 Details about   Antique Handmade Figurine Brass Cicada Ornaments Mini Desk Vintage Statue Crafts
* * *
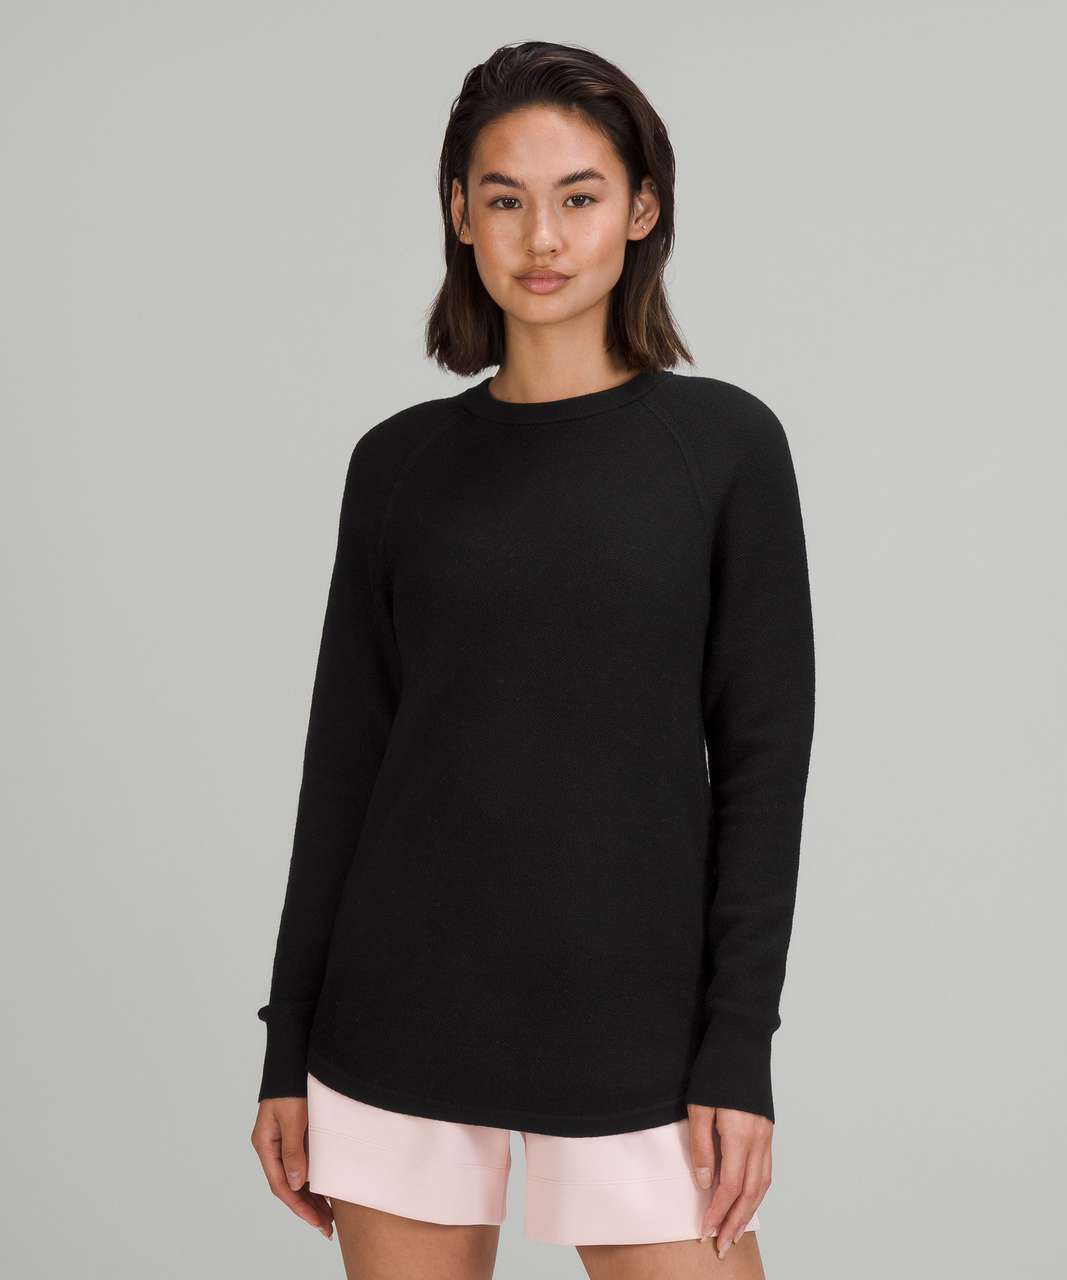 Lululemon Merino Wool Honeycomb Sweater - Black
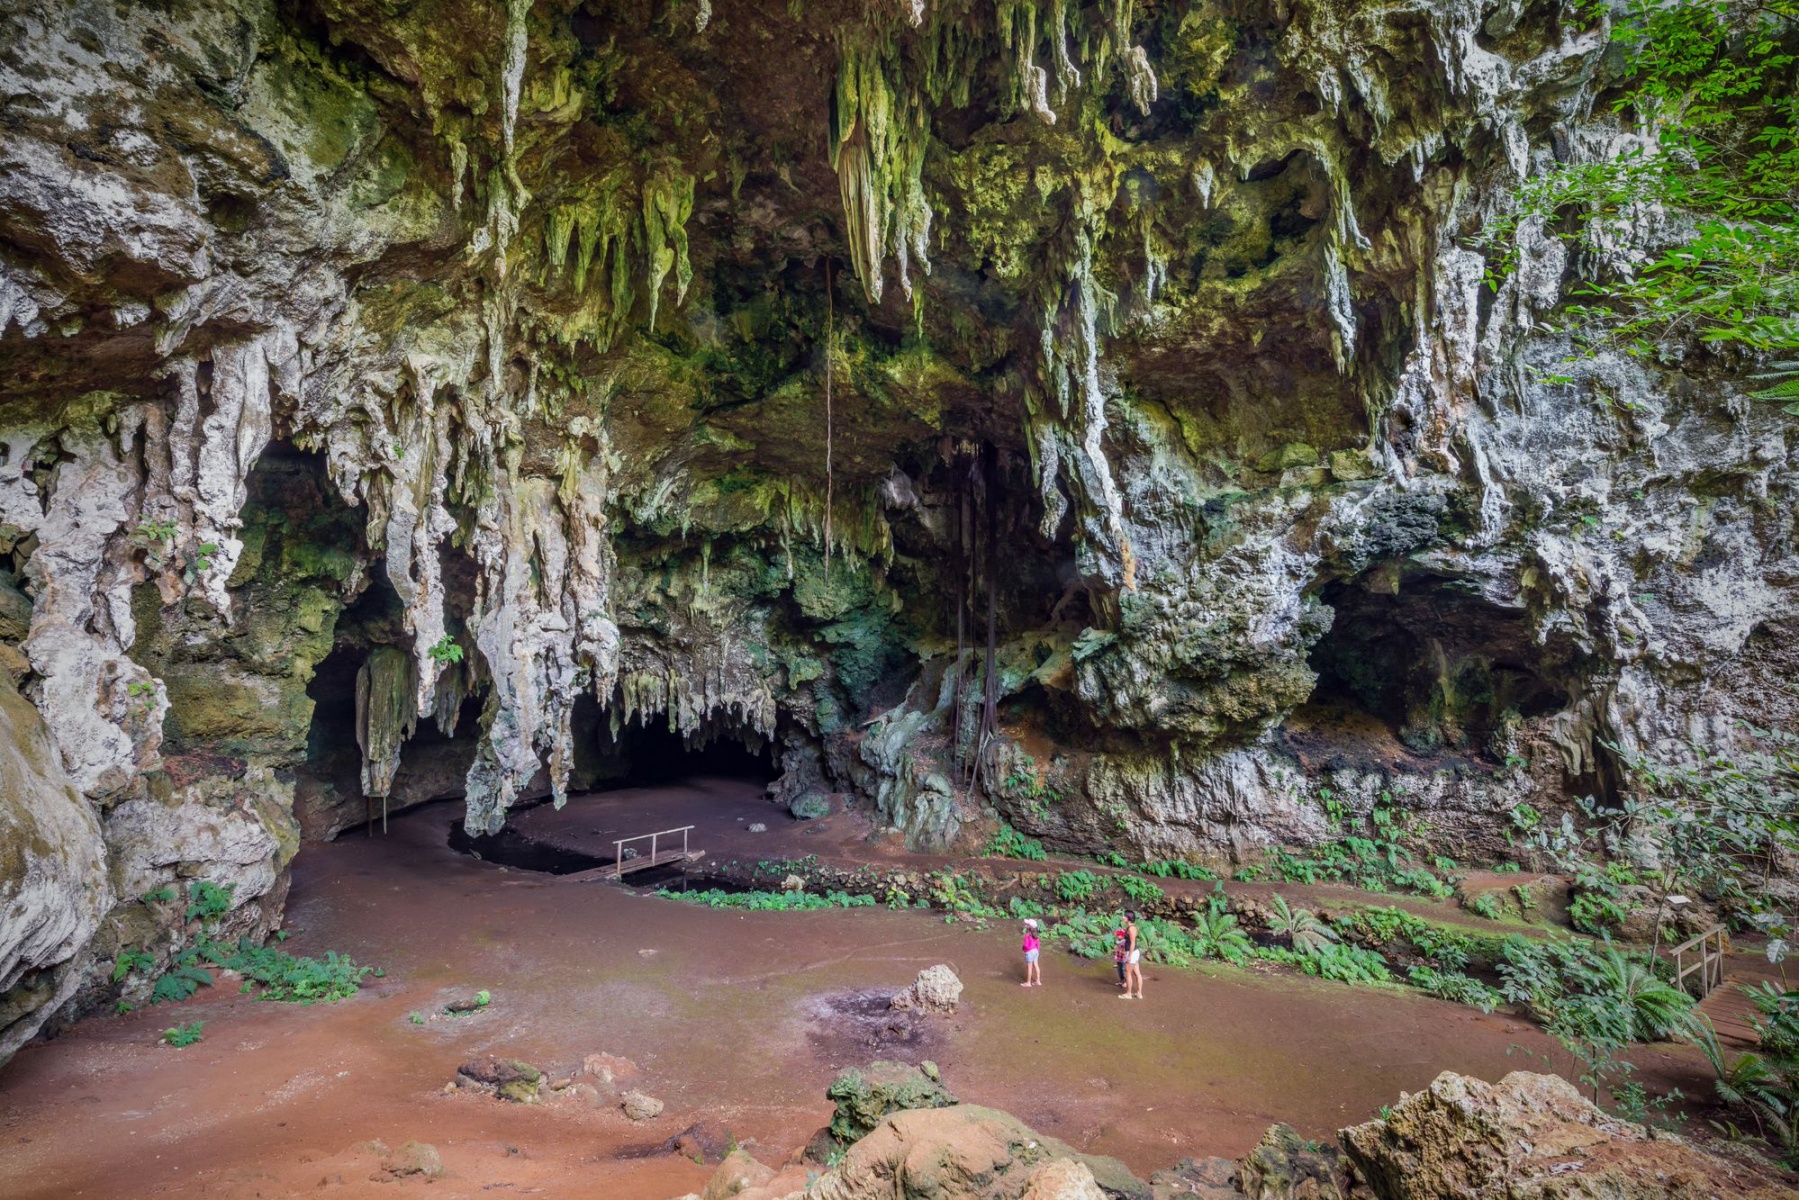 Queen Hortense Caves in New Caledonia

:: ACTION ITEM ::
Pictures in the entries do not go into the copy. Print only the lines starting at the one containing "Lululemon Merino Wool" and ending at the one containing "Queen Hortense Caves in New Caledonia", exactly as they appear.

:: SOLUTION TO THIS TASK ::
 Lululemon Merino Wool Honeycomb Sweater - Black
 Queen Hortense Caves in New Caledonia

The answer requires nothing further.